Juveniles and Endangering the Welfare of a Child (Part 5)

by | Jul 11, 2019 | Blog, Juvenile Delinquency

Justice Patterson continued in relevant part as follows: There is no evidence in the endangering statute’s plain language that the Legislature intended to incorporate the penetration or age-disparity elements of the sexual assault statute, or the force or coercion elements of the criminal sexual contact statute, into the endangering offense.  The Court does not agree that in order for a juvenile, who is fewer than four years older than the victim, to be adjudicated delinquent under N.J.S.A 2C:244(a)(1), there must be proof of sexual penetration, force, or coercion.  The endangering statute simply makes no mention of the elements cited by the panel.  Had the Legislature intended to limit the application of N.J.S.A. 2C:24-4(a)(1) to cases in which the juvenile has also violated specific provisions of N.J.S.A. 2C:14-2 or N.J.S.A. 2C:14-3, as the panel suggests, it would have done so by adding language to that effect.  Accordingly, N.J.S.A. 2C:24-4(a)(1) as currently drafted may apply to a juvenile, even when the specific conduct involved does not involve sexual penetration, force, or coercion and the juvenile and alleged victim are fewer than four years apart in age.

The contrasting interpretations of N.J.S.A. 2C:24-4(a)(1) advanced in this case signal a need for legislative review of the endangering statute as it applies to juvenile settings such as this appeal.
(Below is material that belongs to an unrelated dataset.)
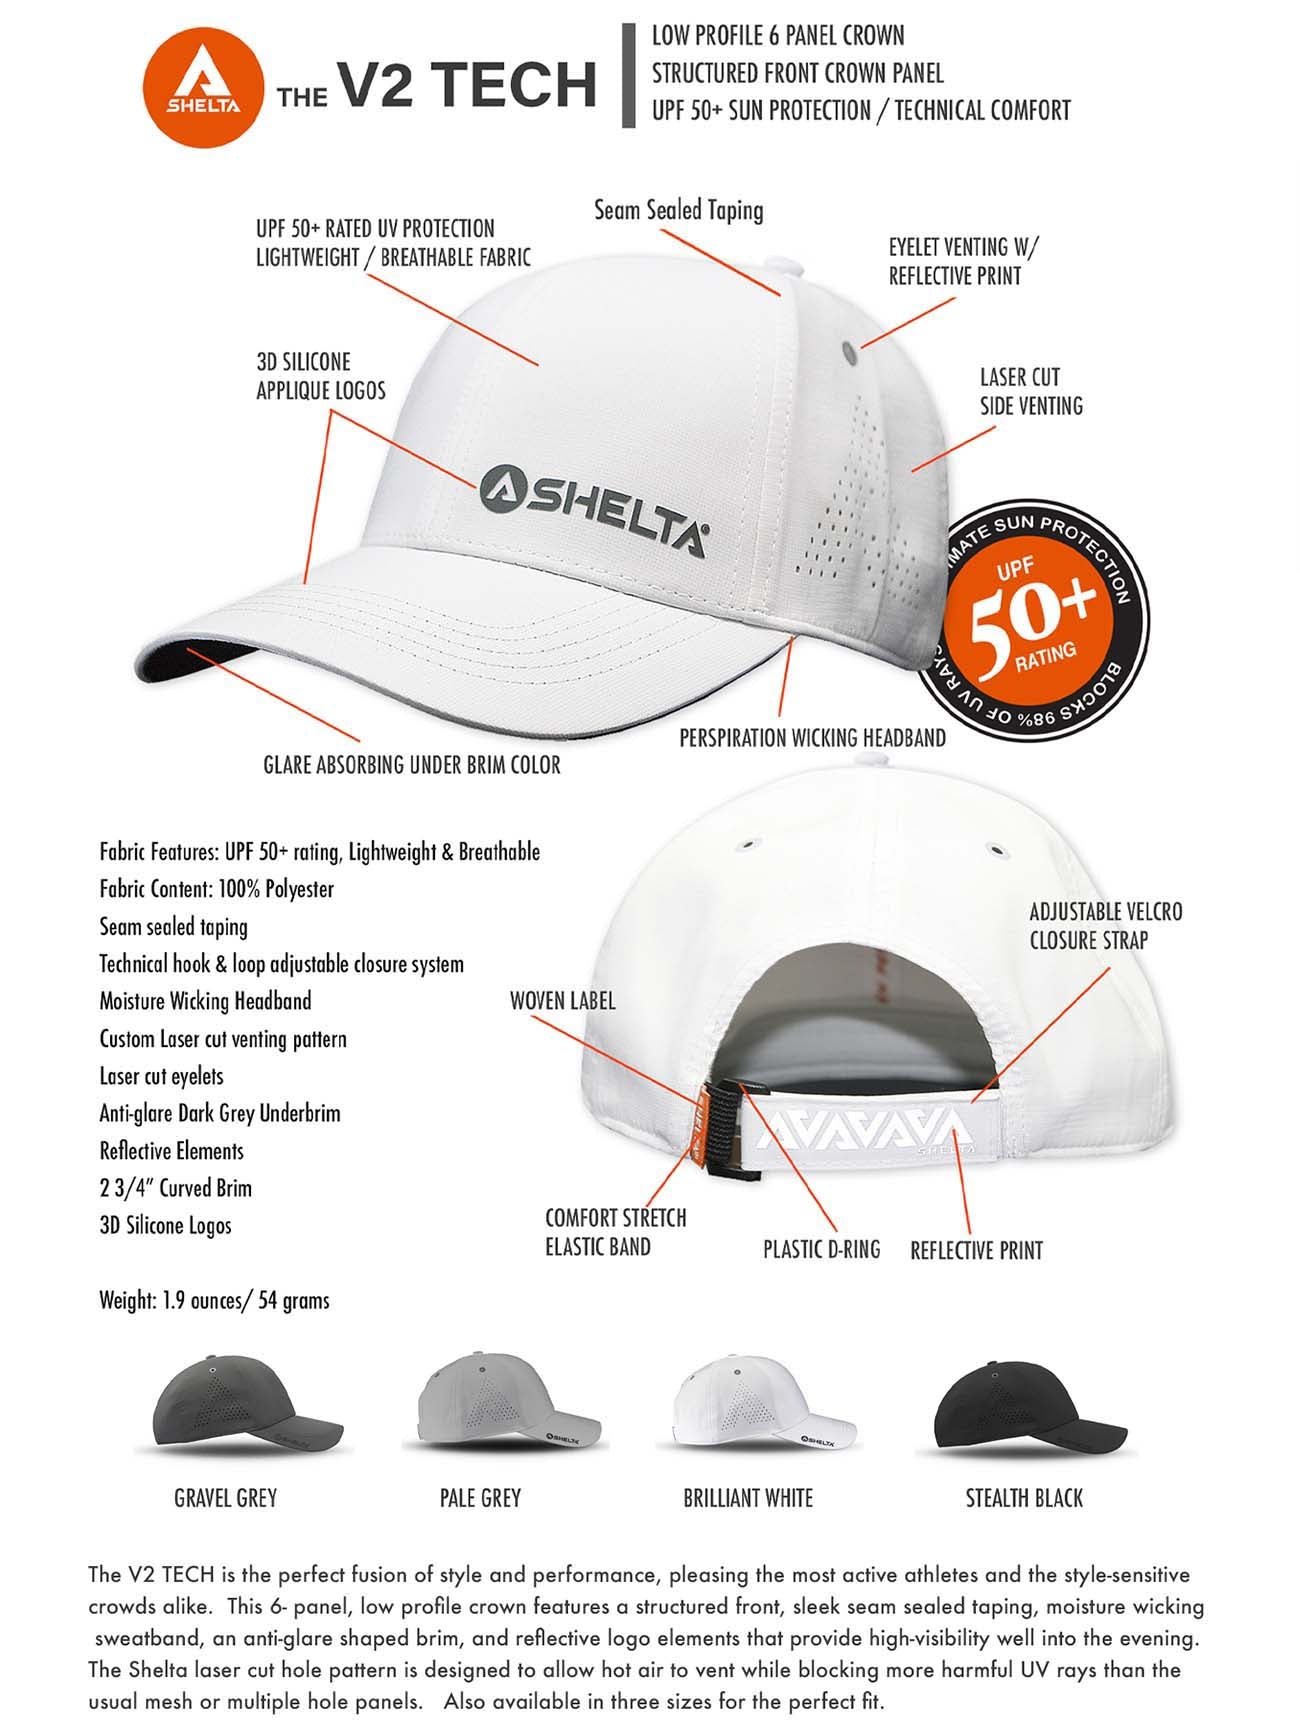 The V2 TECH is the perfect fusion of style and performance, pleasing the most active athletes and the style-sensitive crowds alike.  This 6- panel, low profile crown features a structured front, sleek seam sealed taping, moisture wicking  sweatband, an anti-glare shaped brim, and reflective logo elements that provide high-visibility well into the evening.   The Shelta laser cut hole pattern is designed to allow hot air to vent while blocking more harmful UV rays than the usual mesh or multiple hole panels.   Also available in three sizes for the perfect fit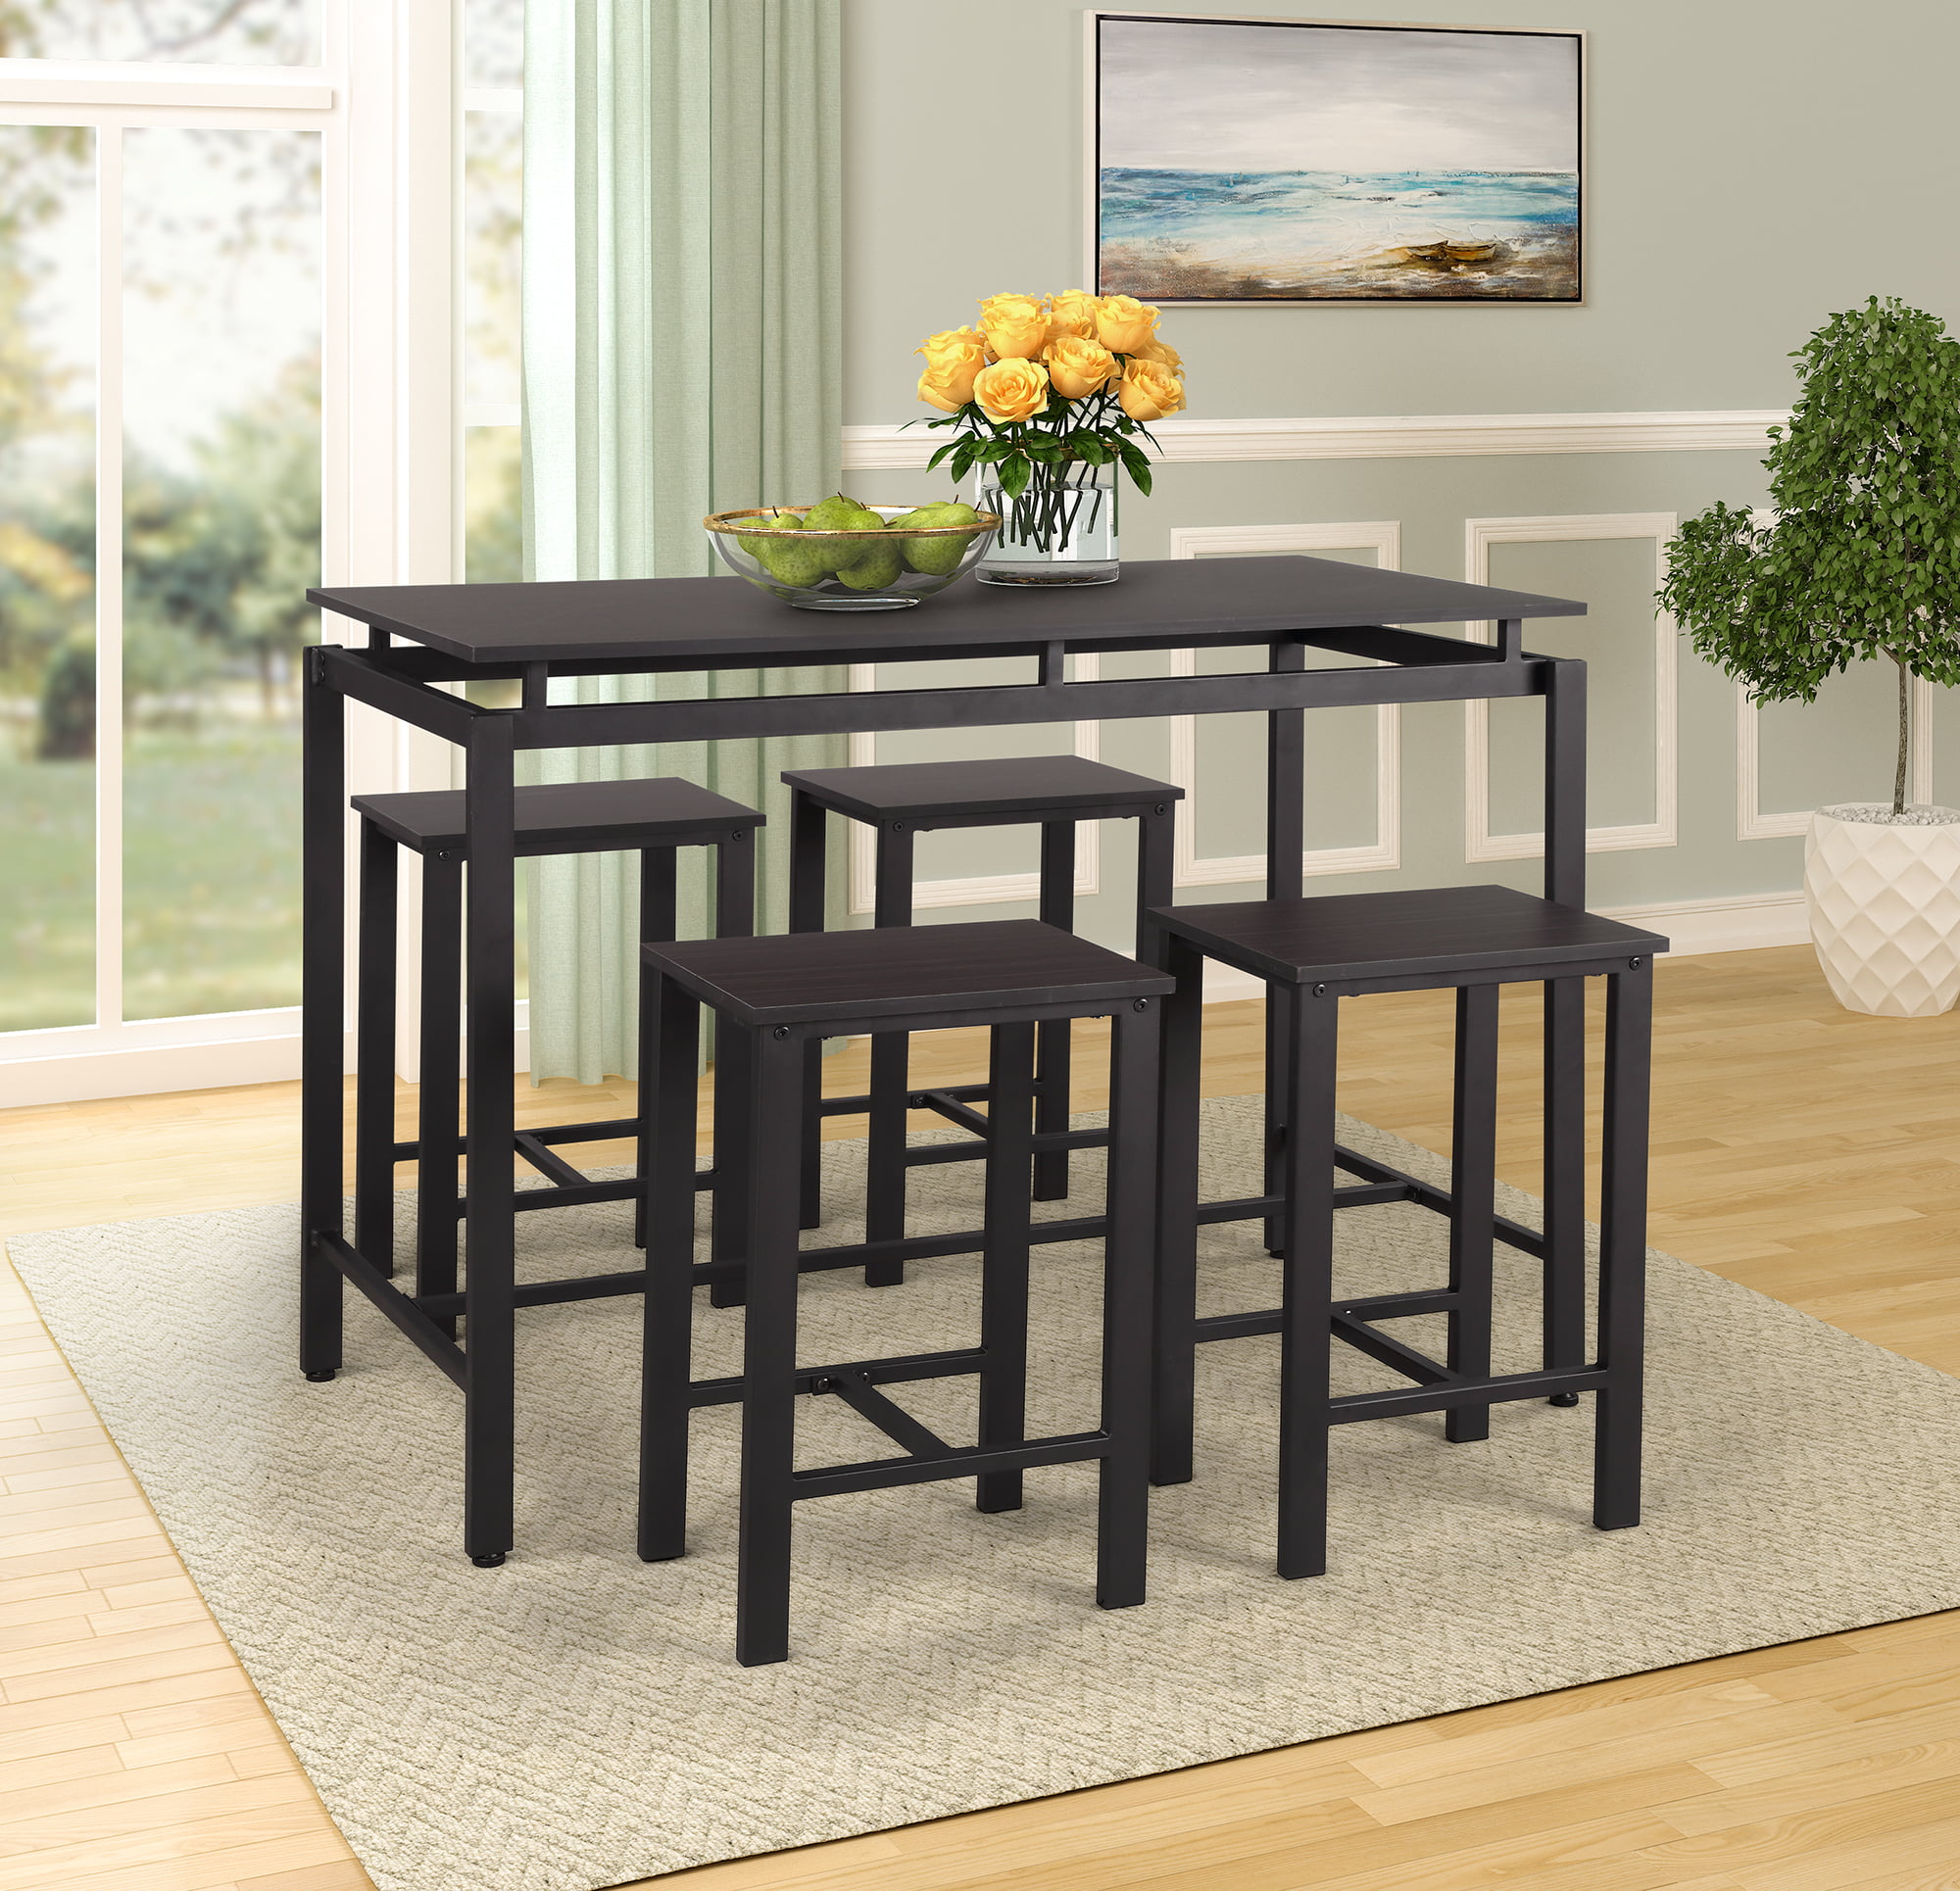 Bar Style Table And Chairs, Bar Style Dining Table And Chairs

As D.M.’s case illustrates, it would be helpful if the statutory language “sexual conduct which would impair or debauch the morals of the child” provided clearer guidance to courts, counsel, and the public in settings involving sexual conduct by juveniles close in age. Should it choose to do so, the Legislature could amend N.J.S.A. 2C:24-4(a)(1) to clarify its intent with respect to the statute’s application to juvenile adjudications.

There is caselaw holding that courts should construe penal statutes strictly against the State and should avoid interpretations that lead to absurd results. It is arguably an absurd result to require a four year difference in ages for the strict liability offense that is commonly referred to as “statutory rape”, but not require the four year age difference in a case involving two juveniles.